Print every line below exactly. Skip the pictures.

Given data |
====================
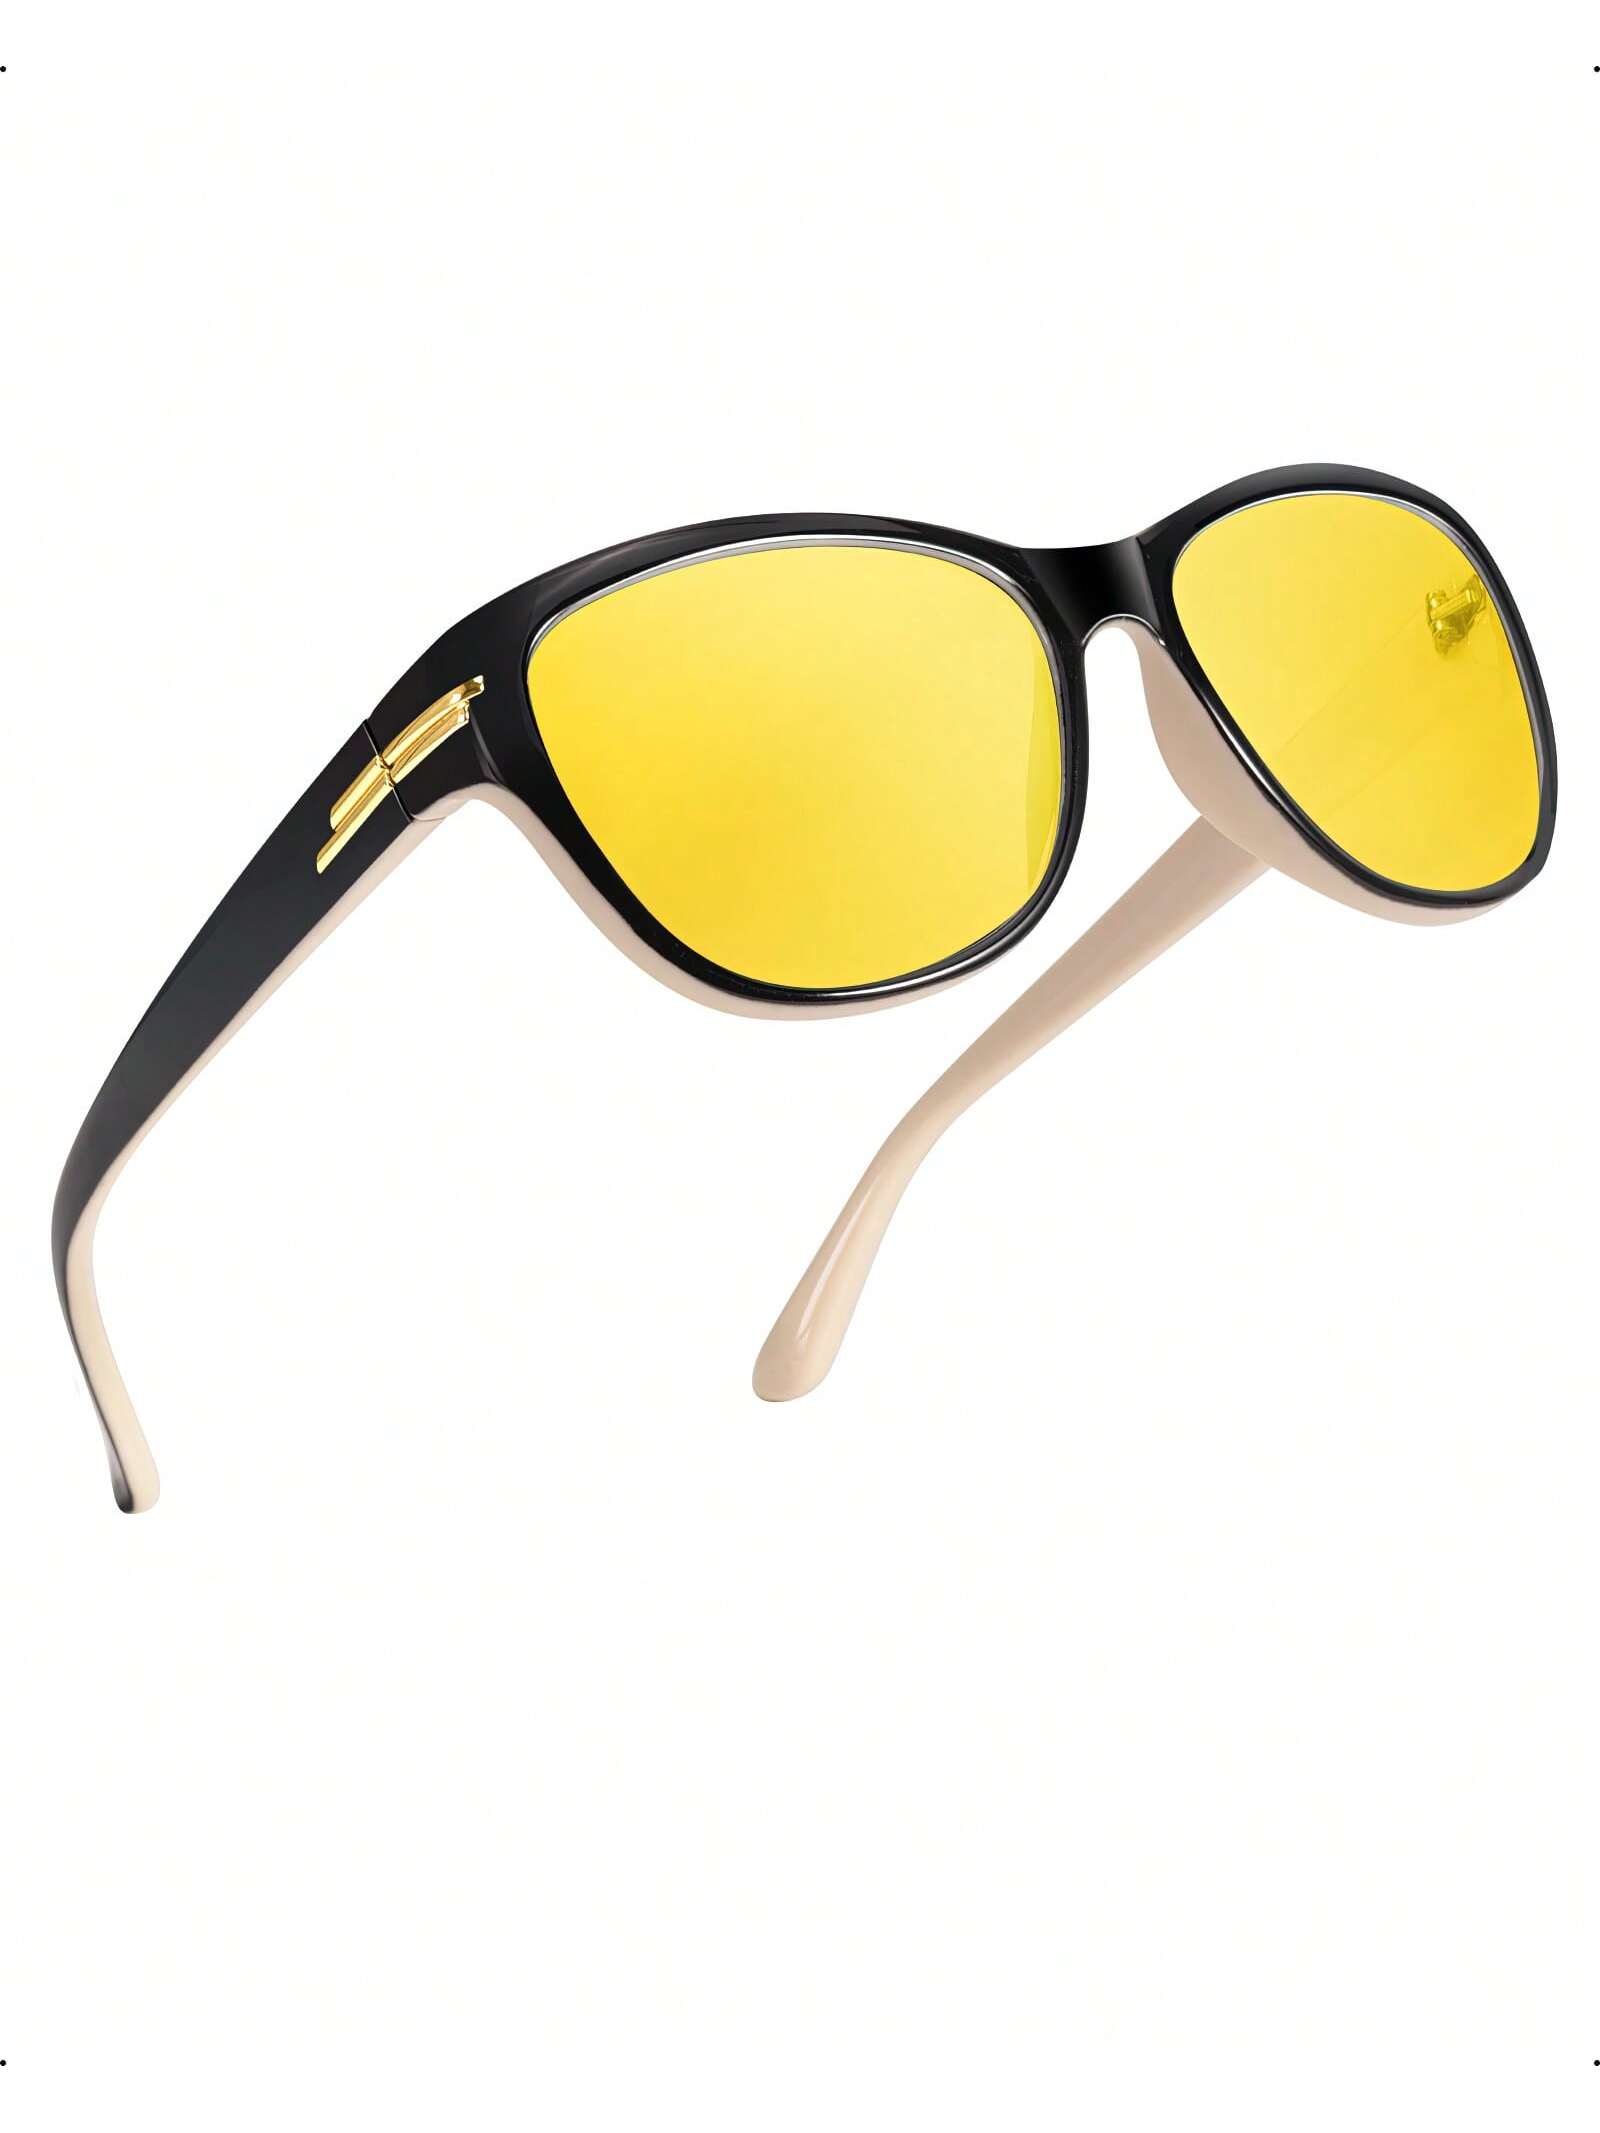 LVIOE 1 пара очков для ночного вождения для женщин и мужчин антибликовые поляризационные желтые очки ночного видения для ночного времени LN2317 очки ночного видения для вождения поляризационные модные солнцезащитные очки антибликовые желтые линзы очки ночного видения
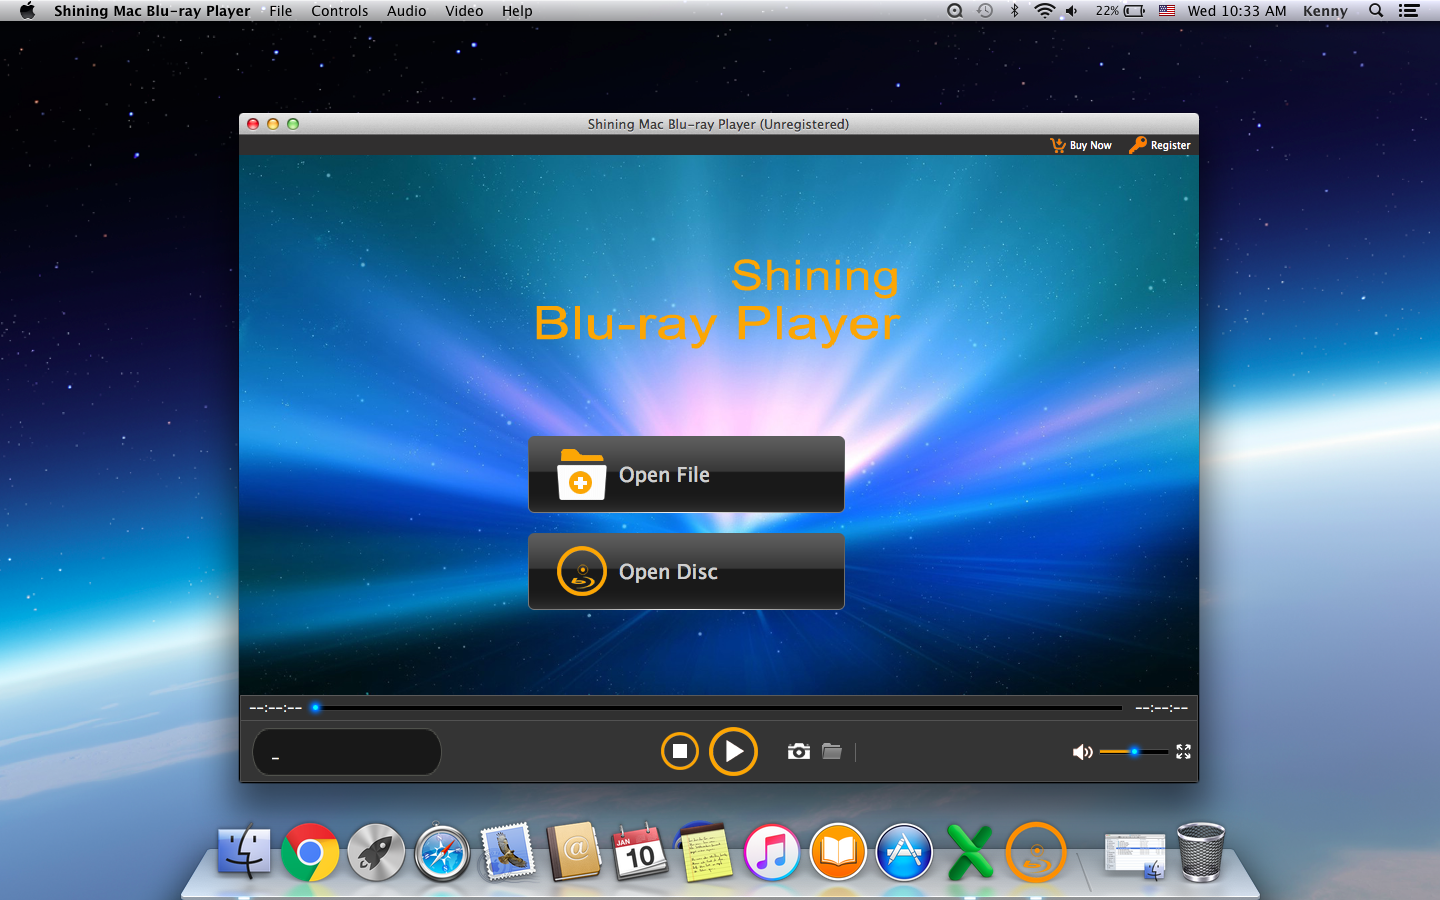 Shining Mac Blu-ray Player 6.6.6 full
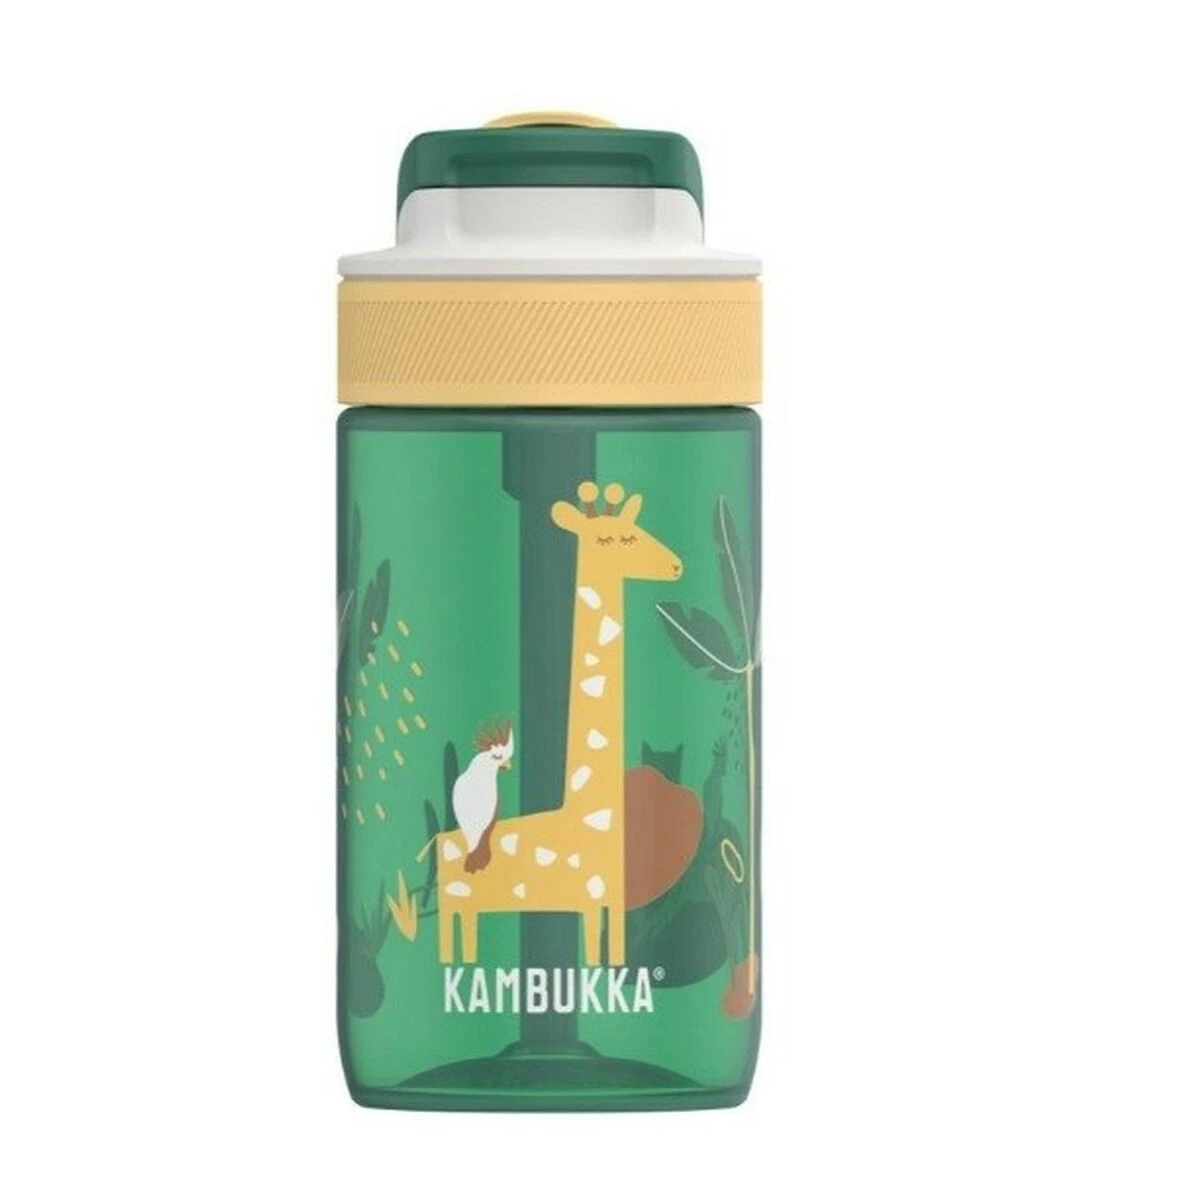 Green bottle with giraffe and bird
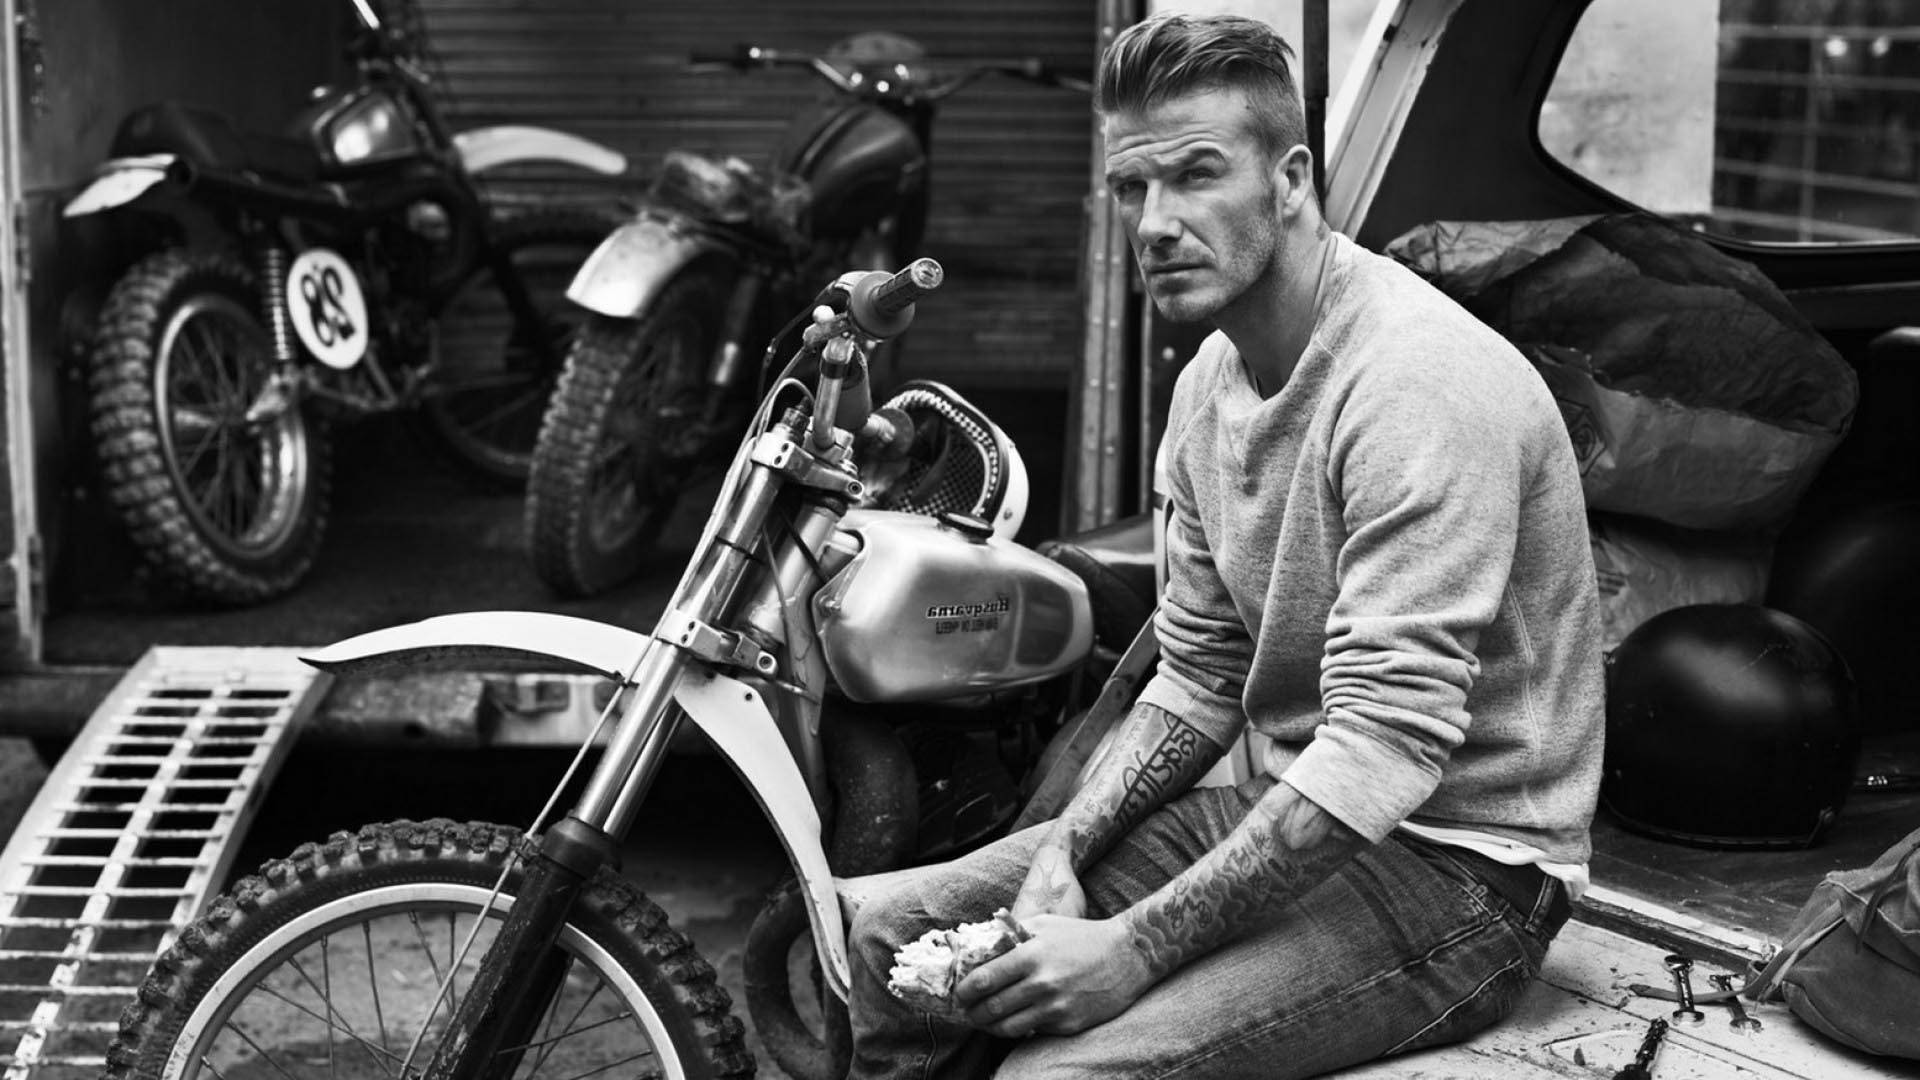 David Beckham cruises on his motorcycle Wallpaper
====================
Response for this exercise |
 LVIOE 1 пара очков для ночного вождения для женщин и мужчин антибликовые поляризационные желтые очки ночного видения для ночного времени LN2317 очки ночного видения для вождения поляризационные модные солнцезащитные очки антибликовые желтые линзы очки ночного видения
 Shining Mac Blu-ray Player 6.6.6 full
 Green bottle with giraffe and bird
 David Beckham cruises on his motorcycle Wallpaper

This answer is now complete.